Air samples were collected in the period between January 2001 and December 2008 with Radiello RAD 130 (Sigma-Aldrich, USA) for BTEX sampling, according to the procedure given by the supplier of Radiello (Radiello 2003; Cocheo et al. 2009). Samplers have been mounted on appropriate standings located at 2.5–3.0 m above the ground level. Samplers that have been exposed for 3 weeks, from the 1st to the 21th day of every month, were then stored in the laboratory at +4 °C. Two milliliters of carbon disulfide (free from benzene) was added to the Radiello glass tube. Tubes were mixed manually and left for 30 min; then, they were mixed again and left for another 30 min. The solution of CS2 containing the extracted hydrocarbons was transferred to a crimp-capped 2-mL glass vial mounted with a PTFE cap.

2.2 Determination of Analytes

Analysis was performed by means of a Clarus 500 gas chromatograph (Perkin-Elmer, USA) provided with an autosampler. The columns used were a SGE BPX35 (length 30 m, diameter 0.25 mm, film thickness 0.25 μm) or equivalent. One microliter of the sample was injected with split technique through a 235 °C traditional injector, while the oven temperature has been ramped from 35 to 265 °C with an 8 °C min−1 rate. A FID detector was used. Calibration has been performed by analyzing five standard solutions each containing 1, 2, 5, 10, and 20 mg L−1 of benzene, ethylbenzene, o-xylene, m-xylene, p-xylene, and 4, 8, 20, 40, and 80 mg L−1 of toluene. Method performances were controlled by injecting periodically (every 20 injections) a blank and two standard solutions. The method had been previously validated through an intercalibration test among different laboratories (Villalta et al. 2004). The detection limit was lower than 0.05 mg L−1. Collected data were converted to air concentration (μg m−3) according to the instructions given by the supplier of Radiello (Radiello 2003), considering time and average temperature of exposition.

2.3 Meteorological Data

Trieste climate is Mediterranean, characterized by episodes of a strong katabatic ENE wind known as Bora; during the coldest month (January), average temperature approaches 6 °C, while in the warmest month (July), it is slightly higher than 24 °C. Meteorological data are provided by the meteorological service of ARPA-FVG, managing a synoptical station and several micrometeorological stations. Average data for temperature (°C) and wind speed (m/s) registered by the seven automatic air quality and meteorological stations located inside the sampling area are reported in Table 3.
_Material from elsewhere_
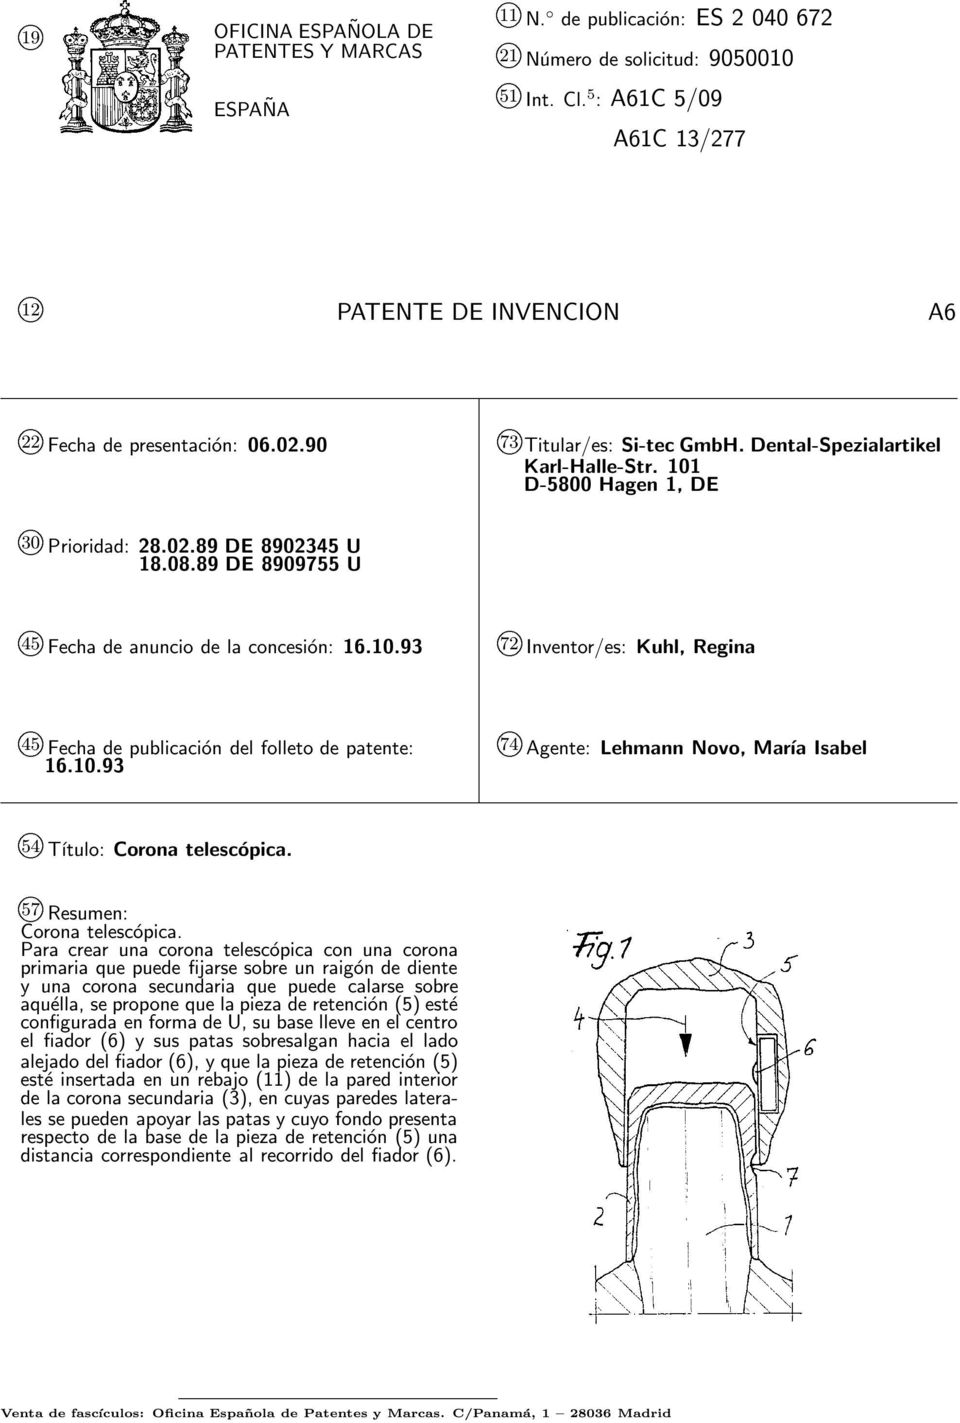 08.89 DE 89097 U 4 kfecha de anuncio de la concesión: 16..93 72 k Inventor/es: Kuhl, Regina k 4 Fecha de publicación del folleto de patente: 16.

Table 3 Basic statistics concerning BTEX concentrations (μg m−3) and meteorological parameters according to sampling site

2.4 Data Analysis Procedure

Various statistical multivariate techniques are commonly used for air pollution modeling and assessment (Astel et al. 2008, 2010; Astel 2010a, b). In the present study, the self-organizing map (SOM) algorithm, as one of the most efficient neural network architectures for solving problems in the field of exploratory data analysis, clustering, and data visualization, was applied. The SOM approach was originally proposed by Kohonen (1984); it is a model that implements a characteristic nonlinear projection from the high-dimensional space of objects onto a low-dimensional array of neurons. Theoretical background of the SOM approach can be found elsewhere (Kohonen 1984, 1995; Kohonen et al. 1996; Vesanto 2000; Vesanto et al. 2000; Giraudel and Lek 2001; Fort 2006; Cottrell et al. 1998; Ultsch and Siemon 1990) and this is why only major advantages related to both exceptional visualization, dimension reduction, and exploration abilities are briefly presented below.

2.4.1 General Idea

The SOM algorithm, much like conventional ordination methods, shares the basic idea of displaying a high-dimensional signal manifold onto a much lower dimensional network in an orderly fashion (usually 2D space). An SOM produces virtual communities in a low-dimensional lattice through an unsupervised learning process. The term “self-organizing” refers to the ability to learn and organize information without being given the associated dependent output values for the input pattern (Mukherjee 1997). An SOM is noise tolerant; this property is highly desirable when site-measured data are used. The advantages of the SOM in relation to conventional ordination methods as principal component analysis and cluster analysis are discussed elsewhere (Astel et al. 2007; Zhang et al. 2008).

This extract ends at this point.